For the data below, give again exactly the lines from the one containing "7 x 4.3/8in. (17,8 x 11 cm.)" through the one containing "Provenance : The", both ends included, and no others.

=== Source information ===

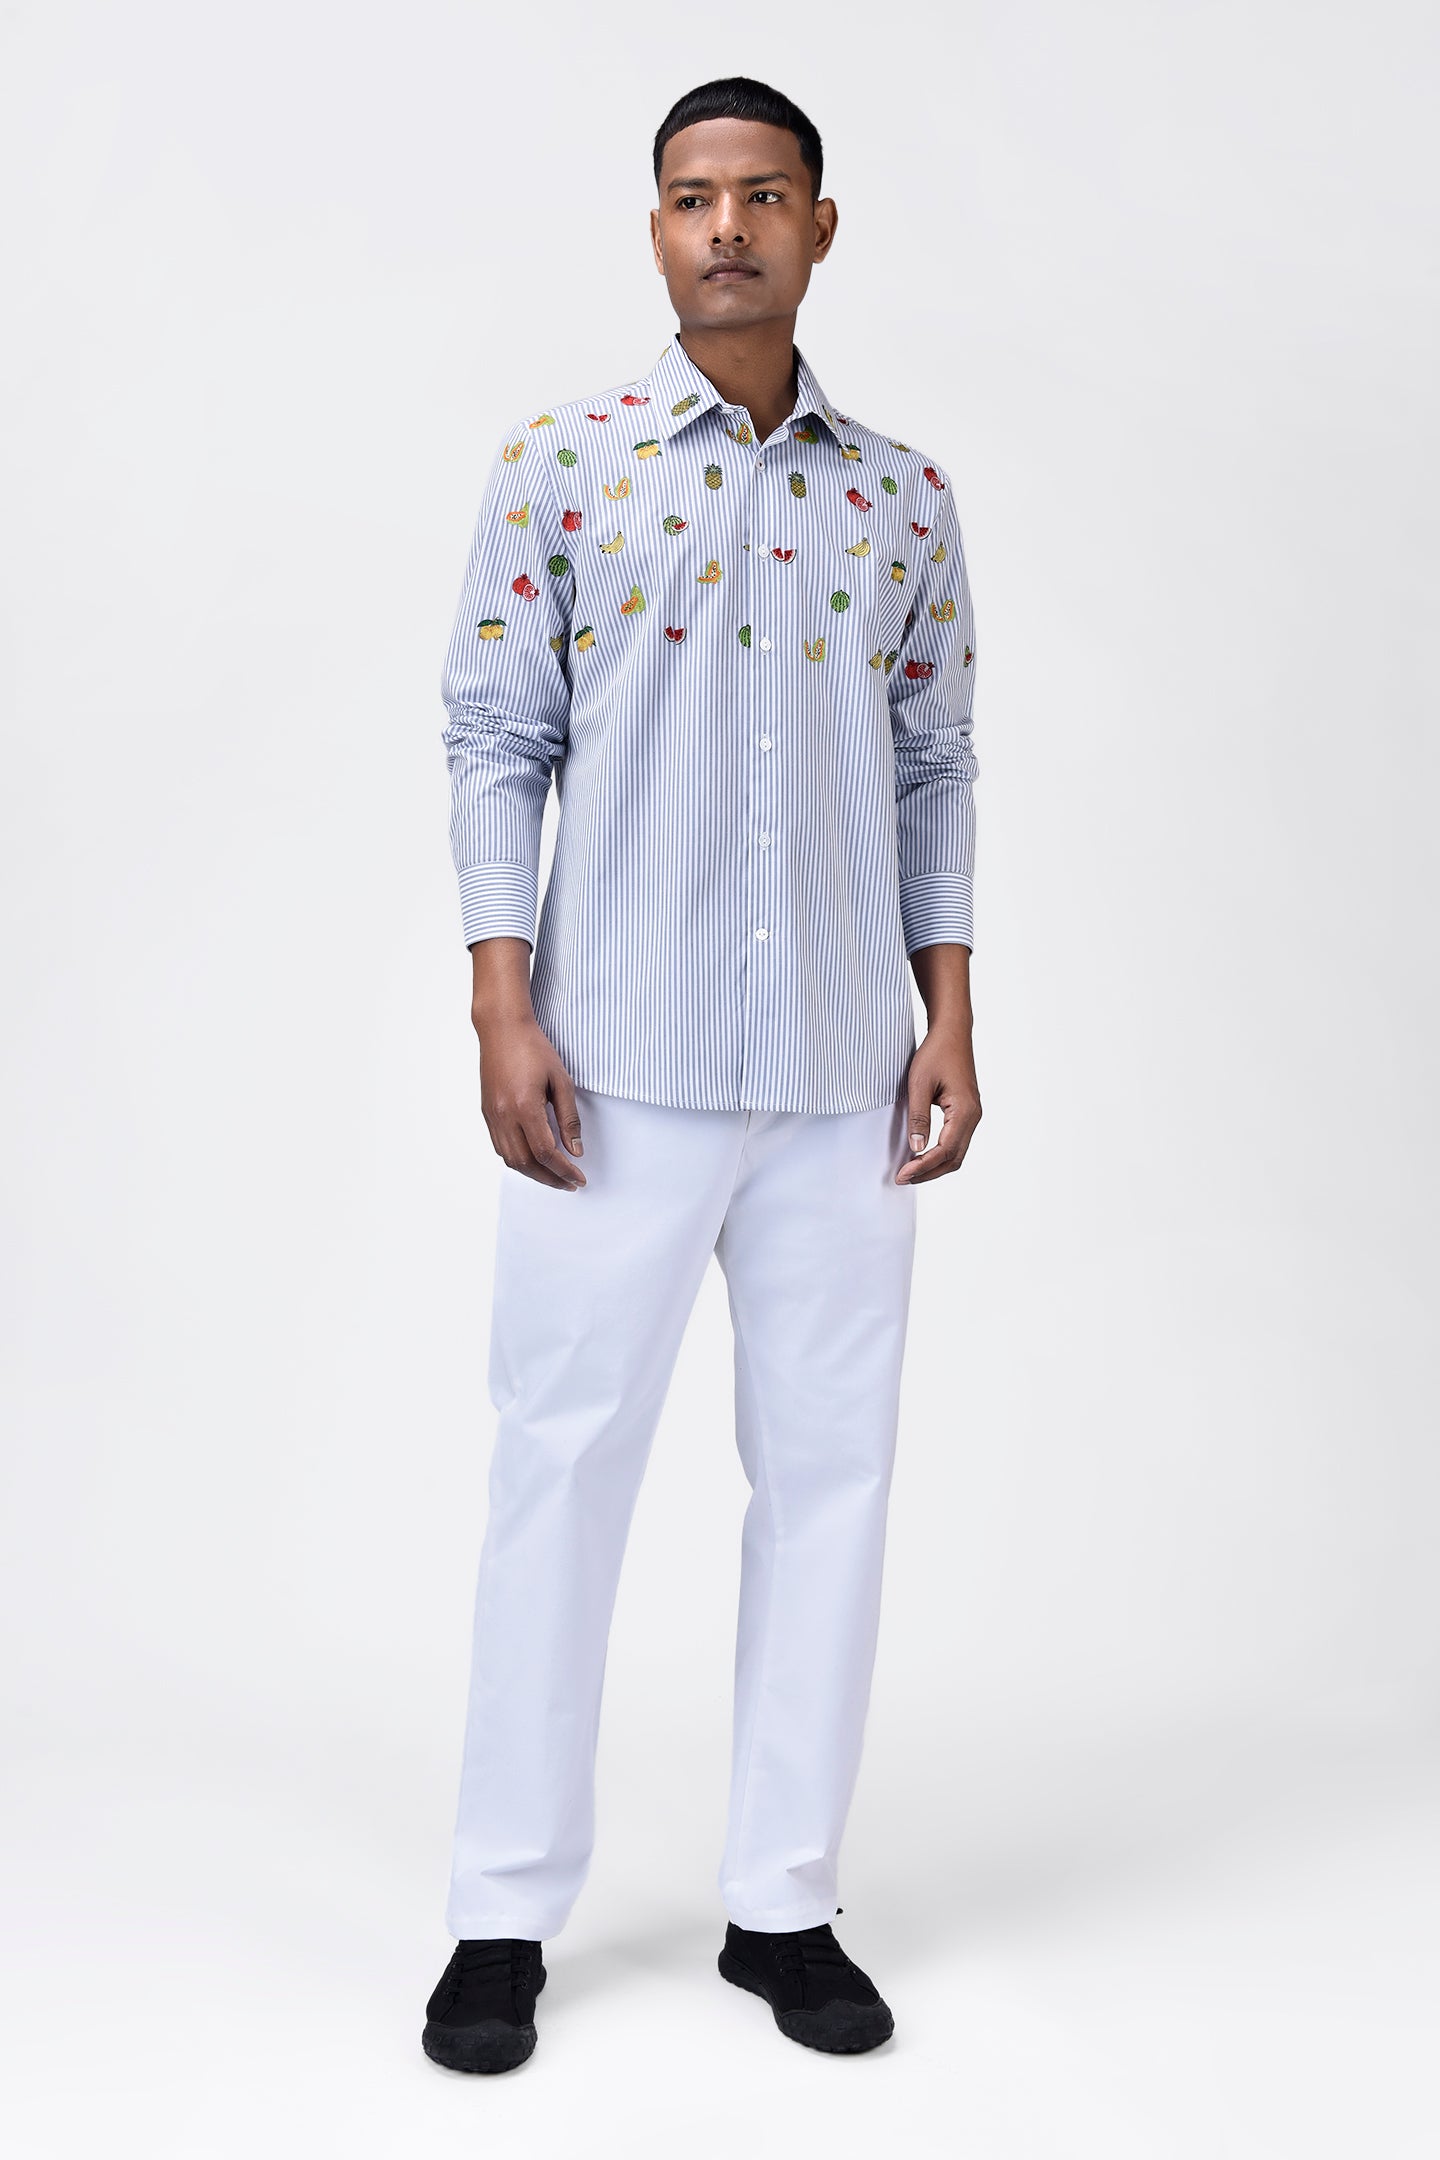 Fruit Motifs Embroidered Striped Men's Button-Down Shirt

===
=== Source information ===

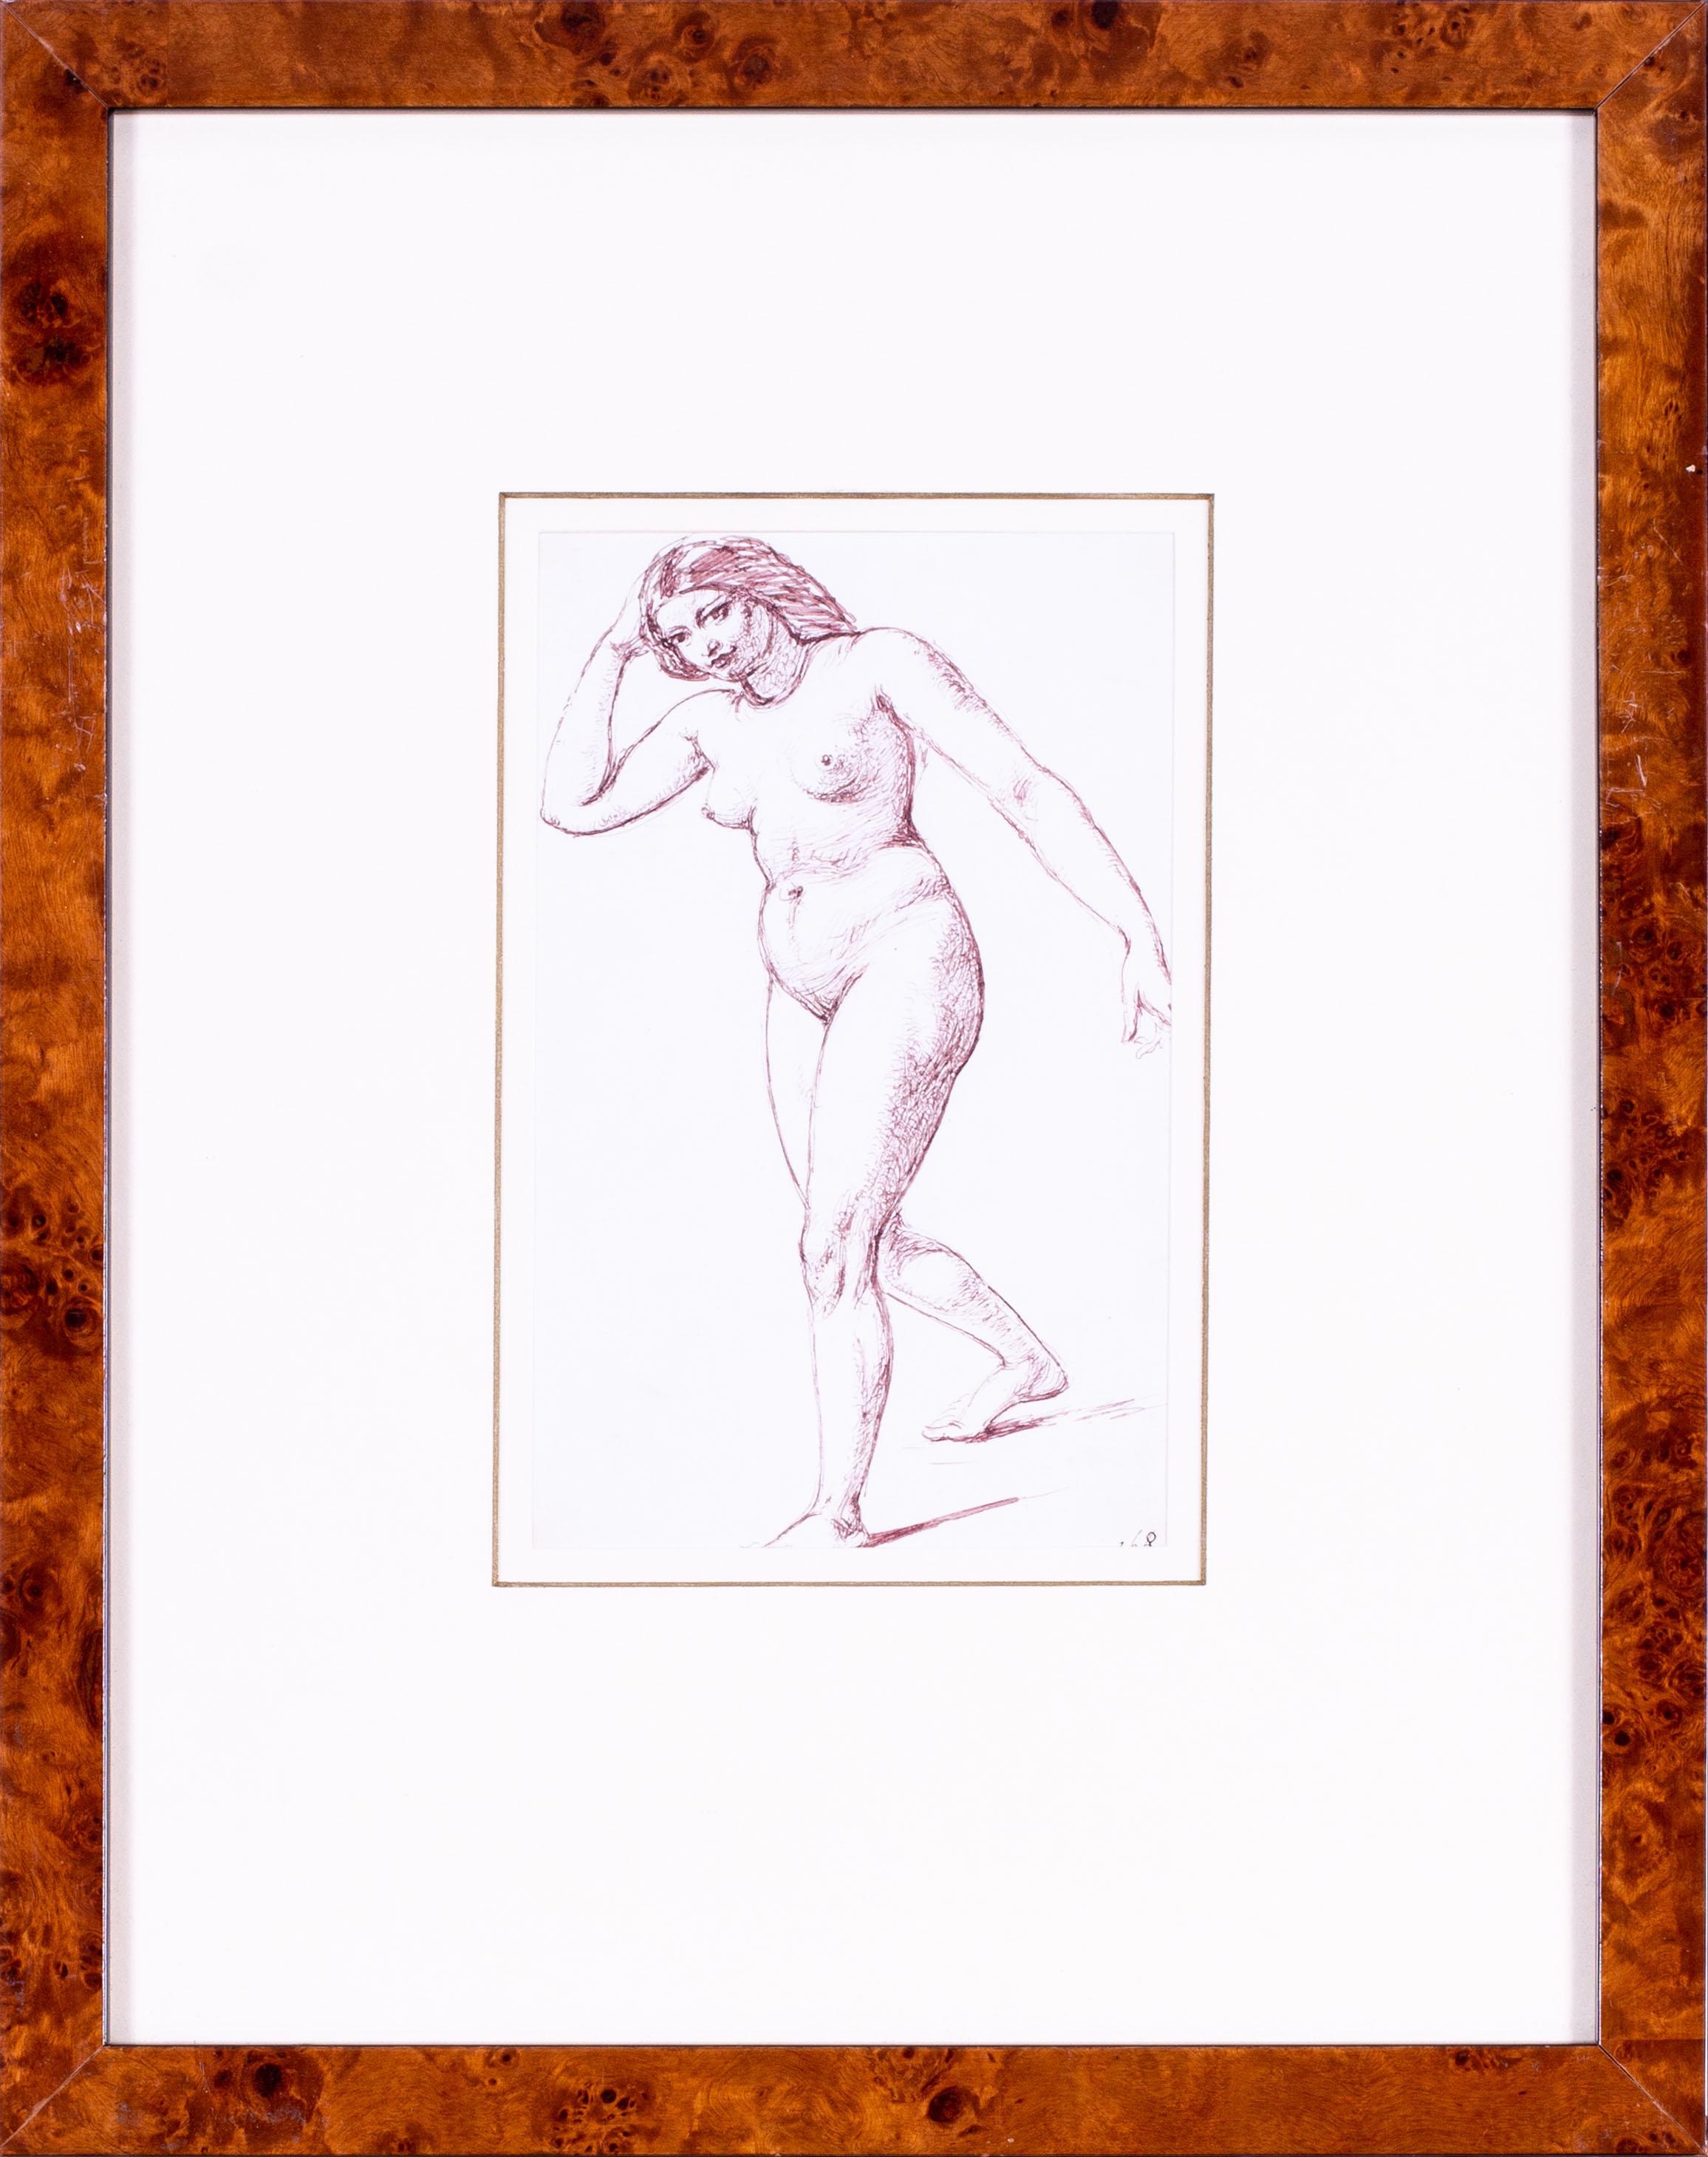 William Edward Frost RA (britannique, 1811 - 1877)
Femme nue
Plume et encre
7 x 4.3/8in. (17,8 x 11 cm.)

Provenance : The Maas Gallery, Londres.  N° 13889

===

> Answer to this problem
7 x 4.3/8in. (17,8 x 11 cm.)

Provenance : The Maas Gallery, Londres.  N° 13889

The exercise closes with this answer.